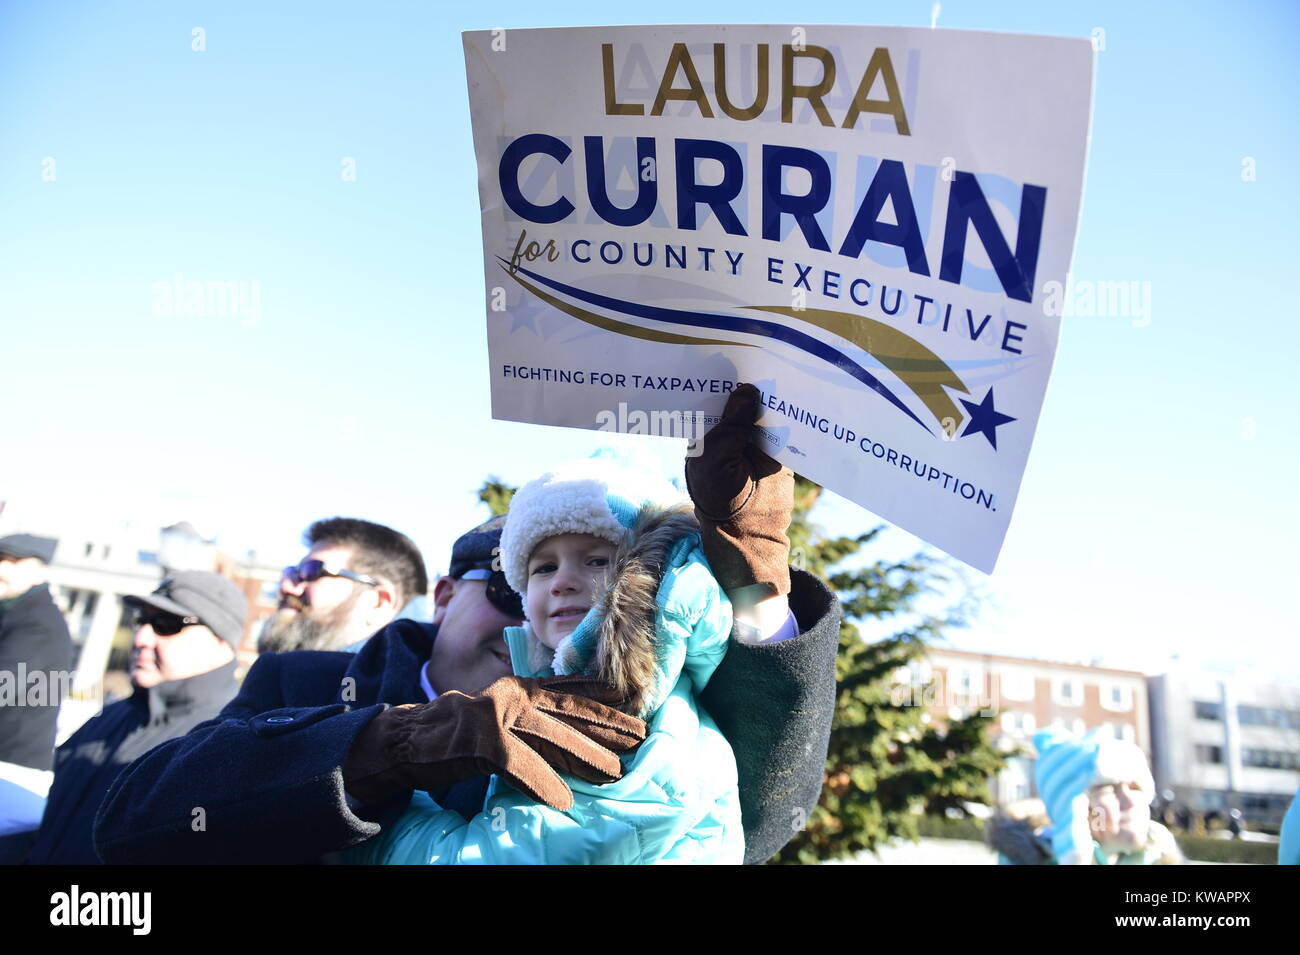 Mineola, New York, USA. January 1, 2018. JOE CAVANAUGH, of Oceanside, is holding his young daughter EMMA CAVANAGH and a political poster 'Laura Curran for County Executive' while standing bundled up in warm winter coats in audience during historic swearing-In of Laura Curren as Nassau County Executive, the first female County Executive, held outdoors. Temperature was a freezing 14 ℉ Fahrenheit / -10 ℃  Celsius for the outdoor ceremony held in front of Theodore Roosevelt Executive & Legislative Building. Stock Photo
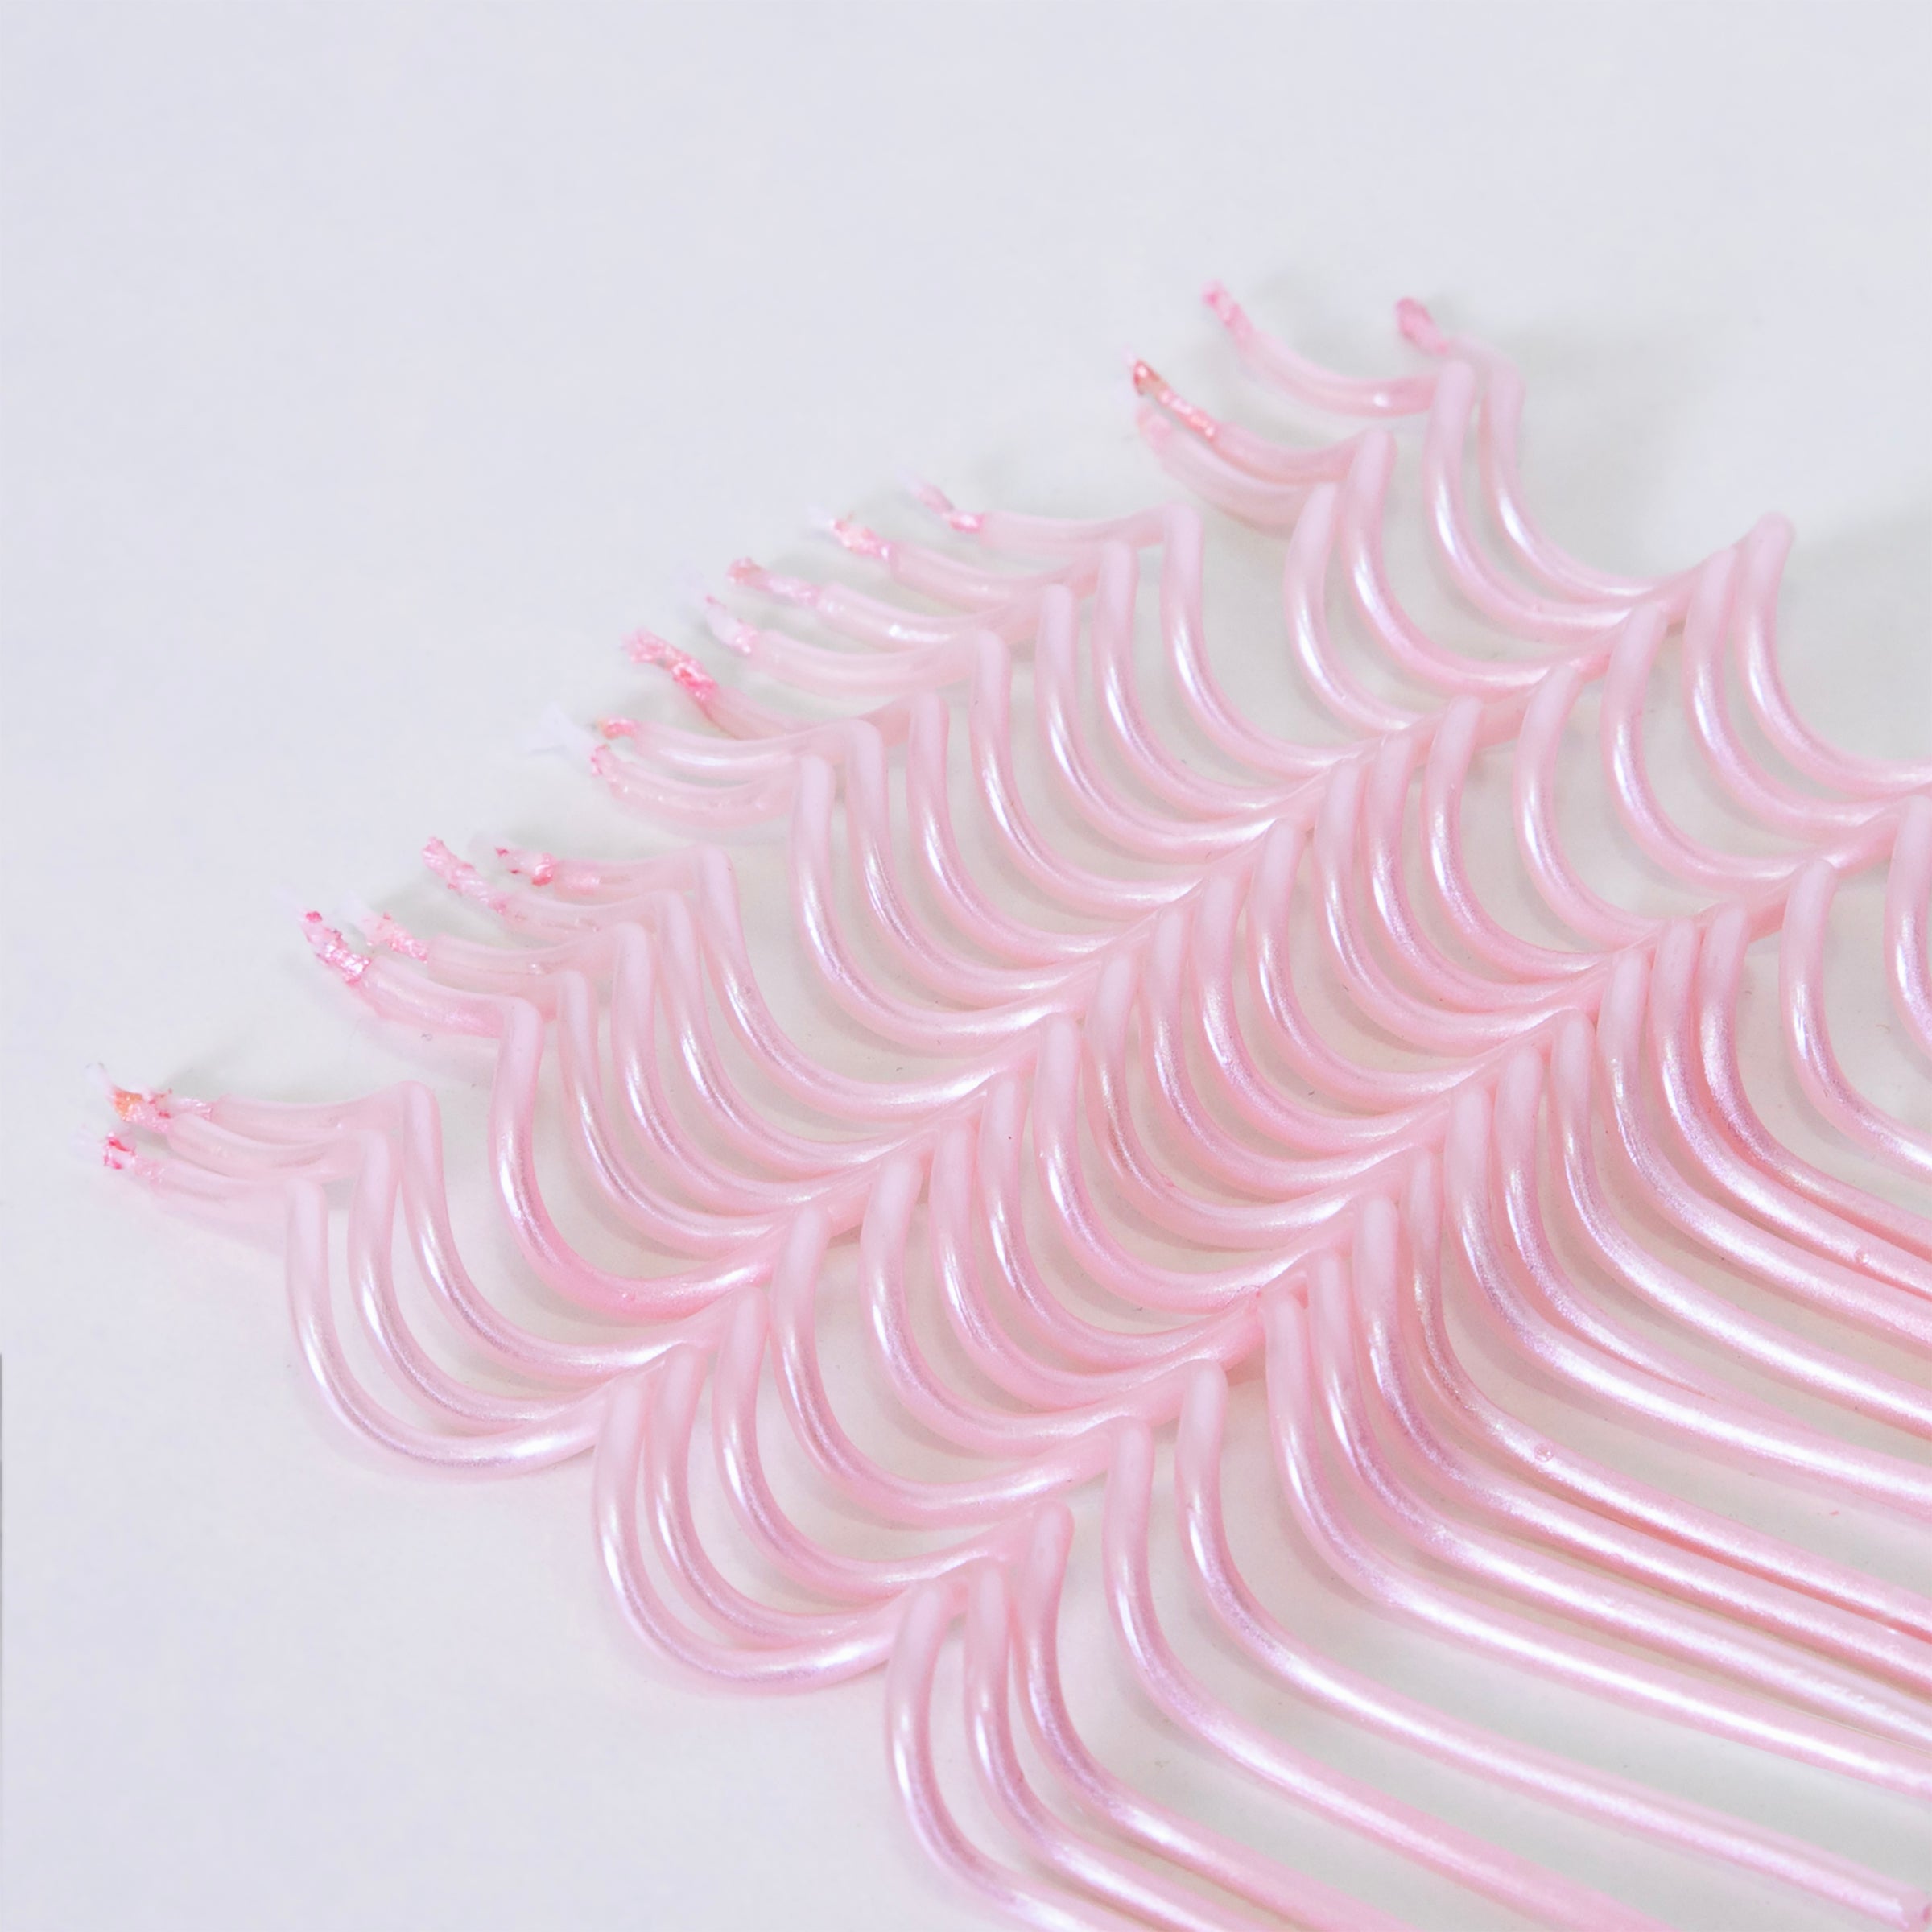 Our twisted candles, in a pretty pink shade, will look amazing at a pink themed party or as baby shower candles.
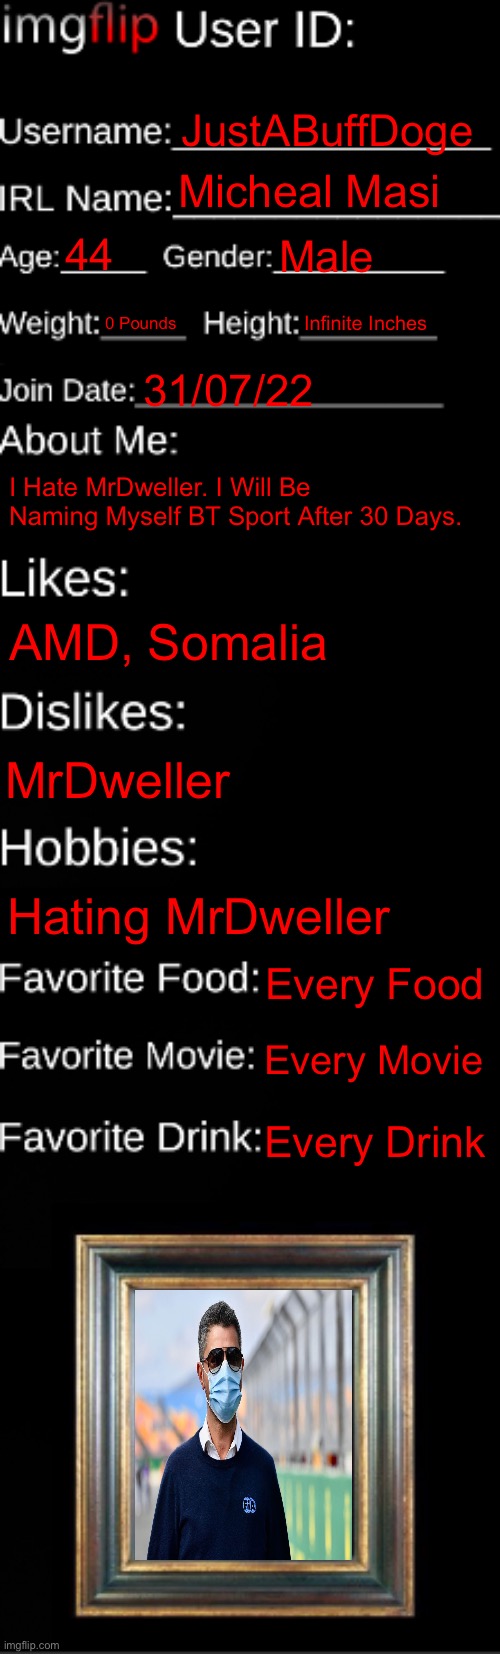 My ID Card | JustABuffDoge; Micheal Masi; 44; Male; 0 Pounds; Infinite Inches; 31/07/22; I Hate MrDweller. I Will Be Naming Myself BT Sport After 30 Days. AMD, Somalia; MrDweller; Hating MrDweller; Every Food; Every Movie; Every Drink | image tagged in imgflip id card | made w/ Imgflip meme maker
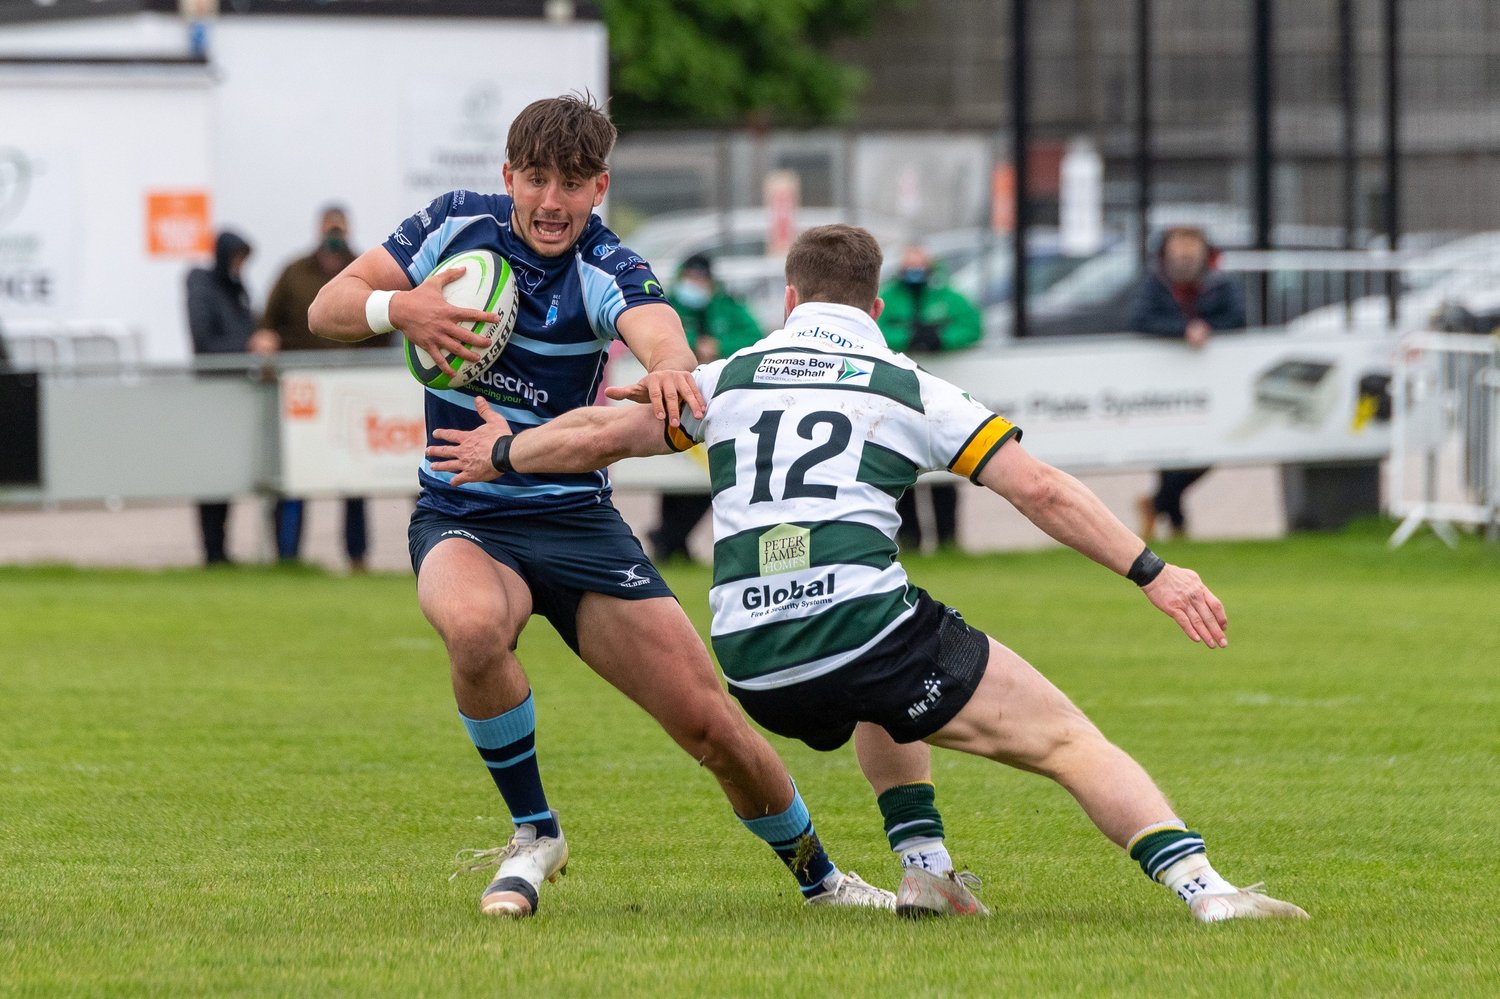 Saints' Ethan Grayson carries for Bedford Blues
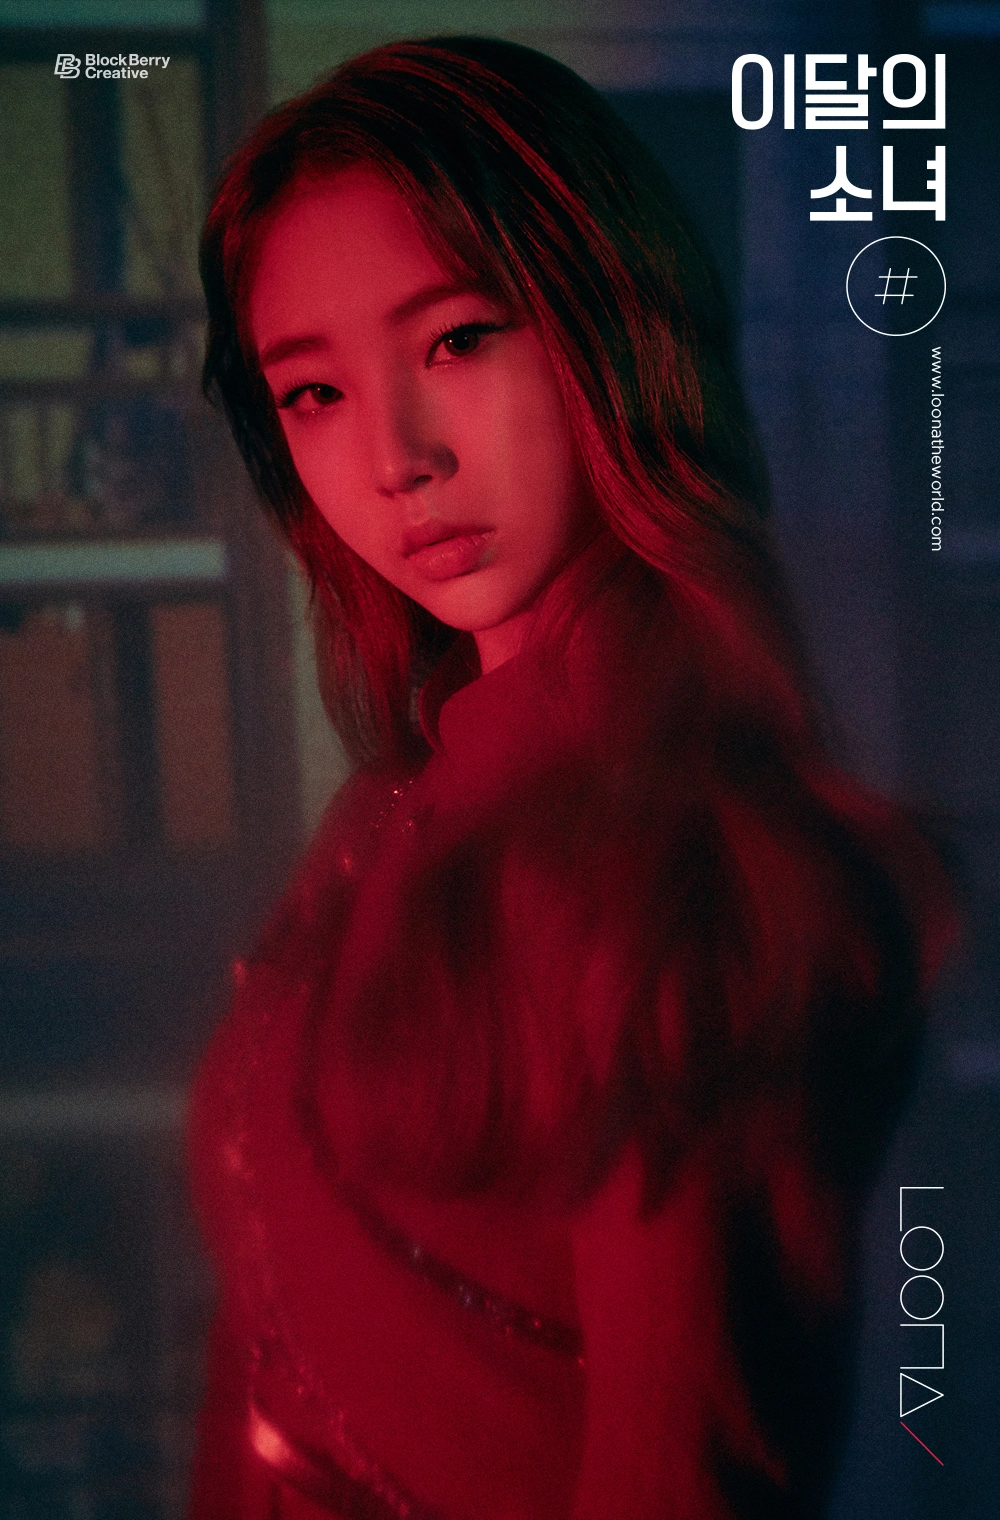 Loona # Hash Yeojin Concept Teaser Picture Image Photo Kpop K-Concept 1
● ● ● ● ●
*WHAT TO DO*: Can you repeat every record above exactly, apart from the pictures?

*REPLY*:
 Mineola, New York, USA. January 1, 2018. JOE CAVANAUGH, of Oceanside, is holding his young daughter EMMA CAVANAGH and a political poster 'Laura Curran for County Executive' while standing bundled up in warm winter coats in audience during historic swearing-In of Laura Curren as Nassau County Executive, the first female County Executive, held outdoors. Temperature was a freezing 14 ℉ Fahrenheit / -10 ℃  Celsius for the outdoor ceremony held in front of Theodore Roosevelt Executive & Legislative Building. Stock Photo
 Our twisted candles, in a pretty pink shade, will look amazing at a pink themed party or as baby shower candles.
 My ID Card | JustABuffDoge; Micheal Masi; 44; Male; 0 Pounds; Infinite Inches; 31/07/22; I Hate MrDweller. I Will Be Naming Myself BT Sport After 30 Days. AMD, Somalia; MrDweller; Hating MrDweller; Every Food; Every Movie; Every Drink | image tagged in imgflip id card | made w/ Imgflip meme maker
 Saints' Ethan Grayson carries for Bedford Blues
 Loona # Hash Yeojin Concept Teaser Picture Image Photo Kpop K-Concept 1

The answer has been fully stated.